Walking up to Richard Dunbrack’s house and workshop, time smacks you in the face and then comes back for seconds.
First you encounter the whimsical clocks in the back of his pickup truck. They are a lively collection of curves and shapes, a burst of color for the eyes like a Fourth of July firework lighting a dark sky. These are not your grandfather’s grandfather clocks.
Then you see the massive clock face on the gable side of the house made from repurposed wood flooring. It’s a ticktock talking point — its long arms moving with precision through a mechanism hidden in the wall of Mr. Dunbrack’s master bedroom and tied to a satellite.
“A woman stopped one day while I was painting it,” Mr. Dunbrack said. “She said, ‘You’re not taking that down, are you? My kids learned to tell time using that clock.’”
Inside his workshop, which has a sign over it called Dunbrack’s Gallery, you’re taken back in time — antique toy cars and trucks spread across shelves, timeworn boards in a rainbow of colors, and a stack of metal from farm equipment and rusted tools in what looks like a dangerous heap on the floor.
Oh yeah, and clock faces, lots and lots of clock faces.
Mr. Dunbrack studied engineering, he’s a licensed pilot, and he’s dabbled in selling real estate.
But most days you’ll find him in his barn crafting materials recycled from old barns, federal buildings, and yard sales into his unusual grandfather clocks, coffee tables, cupboards, and liquor cabinets.
“It’s all found objects,” Mr. Dunbrack said pointing to one of his creations that appears to be a king’s crown — a hollowed-out building column painted in soft greens and golds with a crown made from the points of a farmer’s tool.
“It looks like a mess,” he says letting his eyes move across the studio, “but I know where everything is.”
Mr. Dunbrack is the owner of the Thieving Magpie, a name he derived from the bird’s propensity to covet things and bring them back to its nest. “These are the things I covet, and you can see what comes out of my nest,” he said.
When a barn is about to be razed or an old garage meets the wrecking ball, you’re liable to find Mr. Dunbrack picking through the rubble scoring artifacts for his next creation.
In the past few weeks, Mr. Dunbrack’s been creating a bit of a scene as he cruises the Island with four of his creations in the back of his pickup truck.
“I’m meeting a lot of people,” he said on a recent afternoon in Edgartown. “They say, ‘You’re from the Island? How do I not know about you?’ I keep a low profile.”
It may look like a planned advertisement for his products, but he says he was just looking to shake the sawdust and pollen off the clocks before they’re shipped off to customers.
Mr. Dunbrack is the father of two adult daughters — Caitlin, who lives in northern California, and Sydney, a landscaper and artist who lives with him in Oak Bluffs.
He decided to give up being a pilot when his daughters were younger in order to spend time raising them as a single father. “A flying career isn’t a great career if you want to see your kids grow up,” he said.
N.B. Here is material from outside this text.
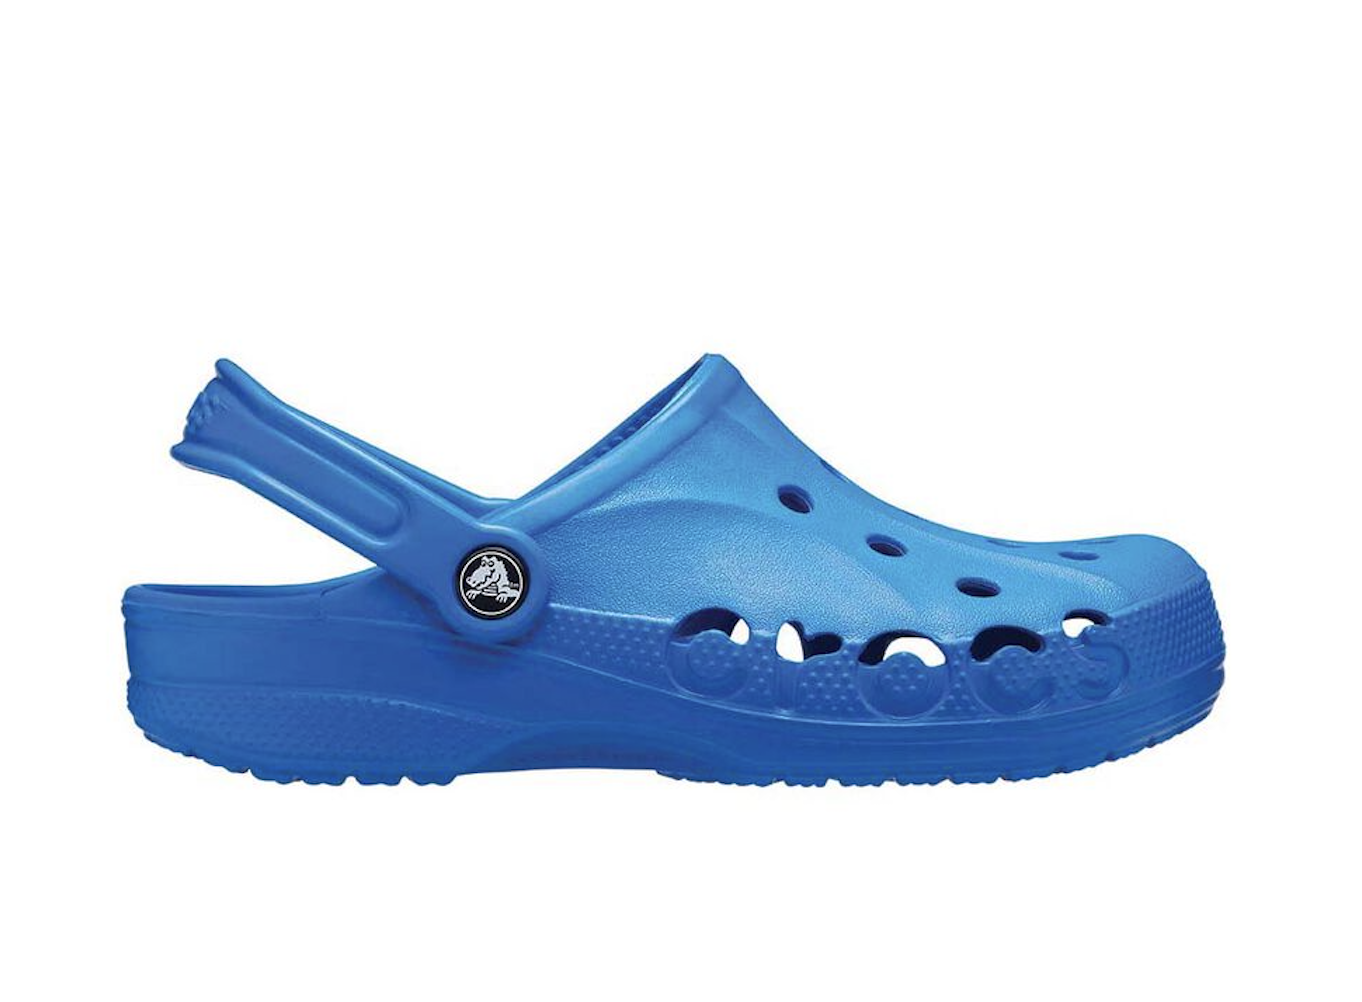 Blue crocs

Mr. Dunbrack originally opened his shop in Concord, but moved to the Vineyard full-time in 2008. The house and workshop are tucked away on a side street not far from Island Alpaca. (He shows by appointment only.)
Mr. Dunbrack creates 80 to 100 original pieces per year, 60 in a slow year when his knees ache from his early days playing hockey. He sells them to galleries in Pennsylvania, New Jersey, and New York, as well as customers who reach him through his Facebook page. He also has a lot of repeat customers who commission works like the “Bottoms up” liquor cabinet, which includes oars and the bottom of a 1920s harbor boat. (Yes, he names his creations, and they are almost always puns.)
He counts among his clients members of the Philadelphia Flyers, the NHL commissioner, and Roger Berkowicz of Legal Seafood, whose wife once called him back to replace clockworks that malfunctioned. (While his clocks are repurposed materials, the clockworks are always new, he said.) “It’s a good feeling that someone at the top of their craft, in my opinion, is showing that they have an appreciation for my craft,” he said.
And he doesn’t just do this for others. Inside his house, you’ll find a TV cabinet with old shutters for doors, a kitchen table that has an old sled for a base, and an old Tilt-a-Whirl car on his deck that is playing the role of planter.
Designing and crafting objects with found materials gives Mr. Dunbrack a good feeling, and he enjoys the feedback from customers, many of them repeat buyers: “One person told me the piece she bought still makes her smile every morning.”
His coffee tables sell for $800 to $1,200; clocks range in price from $2,400 to $3,200; and cupboards, because they involve a lot of woodwork, are $3,200 to $4,200. He’s even been commissioned to do whole kitchens, he said.
“I’m just an adult who plays like a kid and builds in a tree fort all day,” he said.
Mr. Dunbrack is toying with offering a workshop. Not that he could teach people what he does, because there is no sketchbook or guidebook to follow — everything is an original plucked from his inner vision. But for a moment in time, he could help them use their own imaginations and let them run wild.
“I’ve had a lot of clientele who have had fulfilling careers, but have never had a creative outlet,” he says, noting how that once felt for him as he worked as a pilot for a Department of Defense contractor. “I’m not going to teach them how to do this, but help them execute a vision without cutting off a finger with a bandsaw.”